Deeply distressed he recalls a last conversation with Rebecca as they tramped along the cliffs. In the bloom of life and heart-stoppingly beautiful, she had told him that when she died she wanted to be buried in the churchyard overlooking the sea and not in the mouldering de Winter crypt.

If her wishes weren't fulfilled, she warned the Colonel that he'd regret it: "I hate the crypt and I hate the people in it. I'll come back and haunt you. I'll never rest there."

Five months later she was dead. When her body was finally recovered from the sea she had been buried against her wishes in the crypt. The Colonel can never forget her threat to return and haunt him.

Spooky, huh? And there's the mysterious package. Who has sent it? And who has laid a garland of Rebecca's favourite flowers at her special place on the sea shore?

Obviously someone else out there is also obsessed with Rebecca. Could the finger be pointing to the ghastly Mrs Danvers?

Beauman's novel unfolds through the thoughts and actions of three people - the Colonel, Ellie and the historian, and through the ramblings of Rebecca herself, in a long and passionate letter to her unborn child.

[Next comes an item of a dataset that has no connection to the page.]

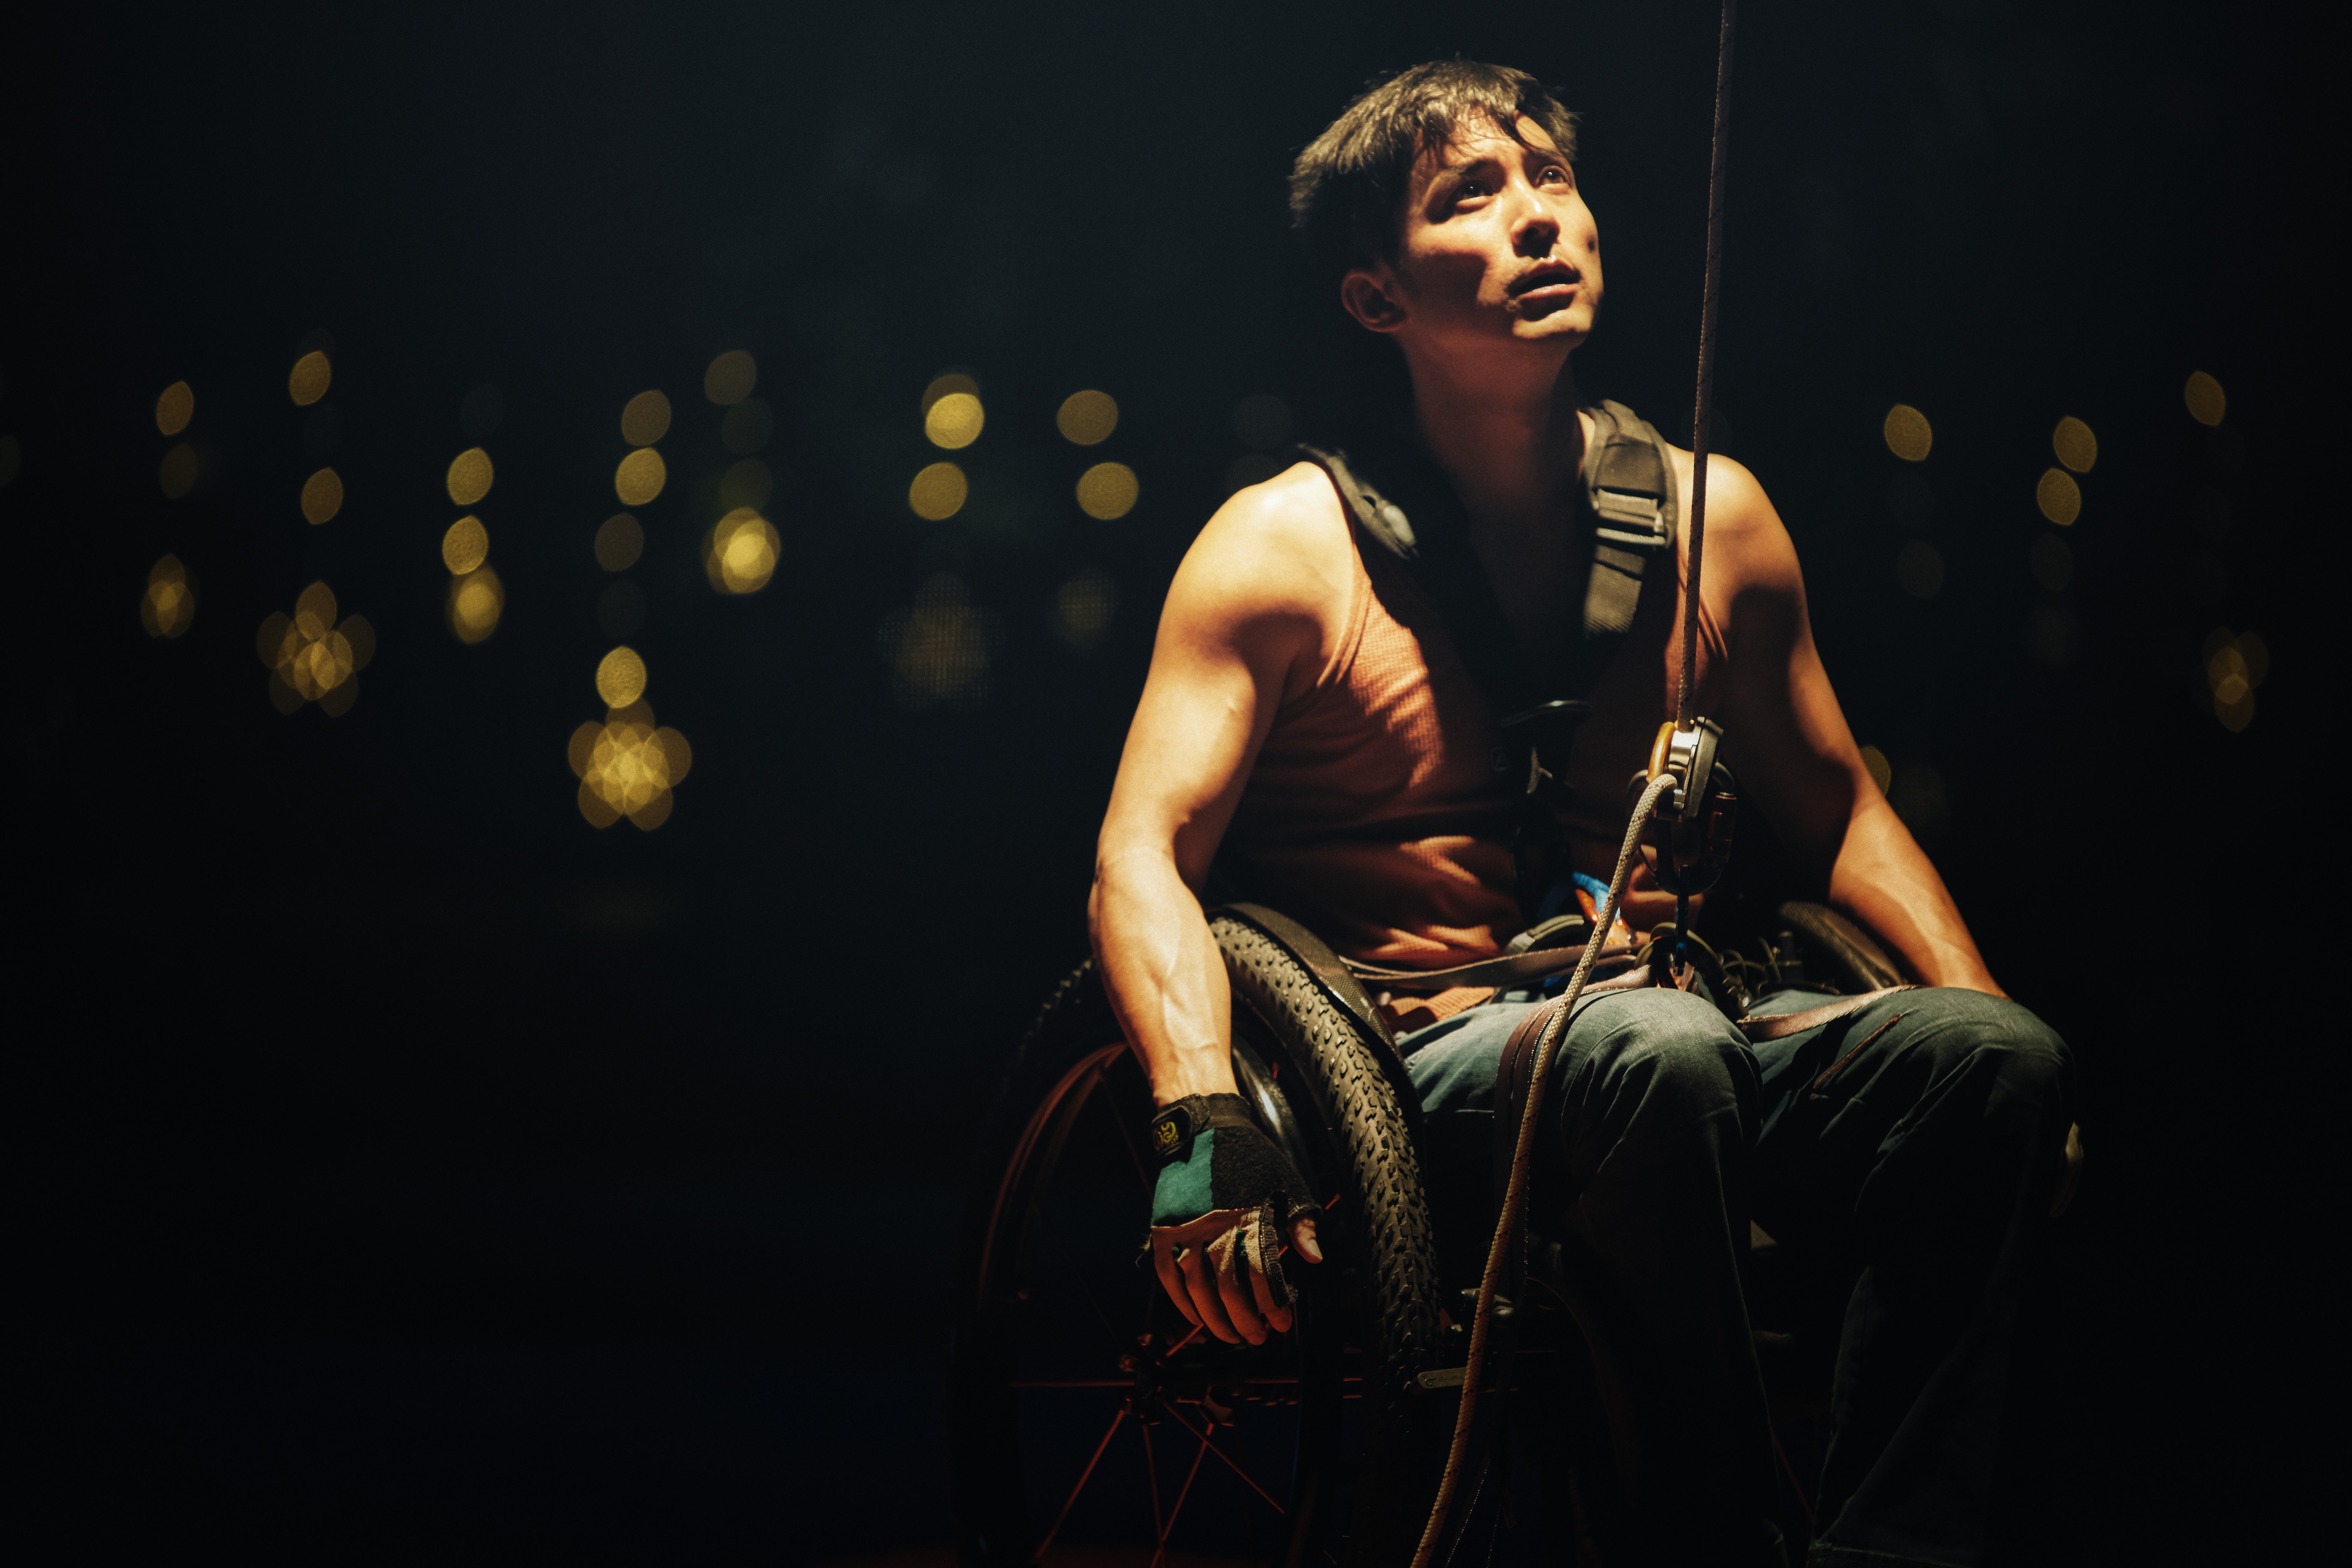 Alex Lam stars in 'Lion Rock', which is based on the true story of Hong Kong sport climber Lai Chi-wai.

Her writing is full of feisty revelations about dark family secrets, a childhood rape, a scheming determination to become the mistress of Manderley, a rushed marriage after a weekend of passion and Maxim's subsequent feebleness in the bedroom department.

In Beauman's book, Maxim is certainly not the suave, irresistible, strong and silent type we all thought he was. Nothing at all like Sir Laurence Olivier portrayed him in the famous movie.

Frankly I always thought Maxim was a bounder, and could never understand any woman falling for a patronising toff who addresses her as "young little fool".

In the original Rebecca, the second Mrs de Winter dreams constantly of vanished Manderley and tells us "the house was a sepulchre, our fear and suffering lay buried in the ruins. There would be no resurrection". Ha!

Little could she imagine that Sally Beauman was out there with her fertile imagination, her crafty plotting and her word-processor.

Her story has more twists than a stick of barley sugar, enough shocks and surprises to keep you on your toes, and it will certainly have you dreaming that you went to Manderley again.

Val Hennessy
(Critics Choice)

Daily Mail, 14.9.01.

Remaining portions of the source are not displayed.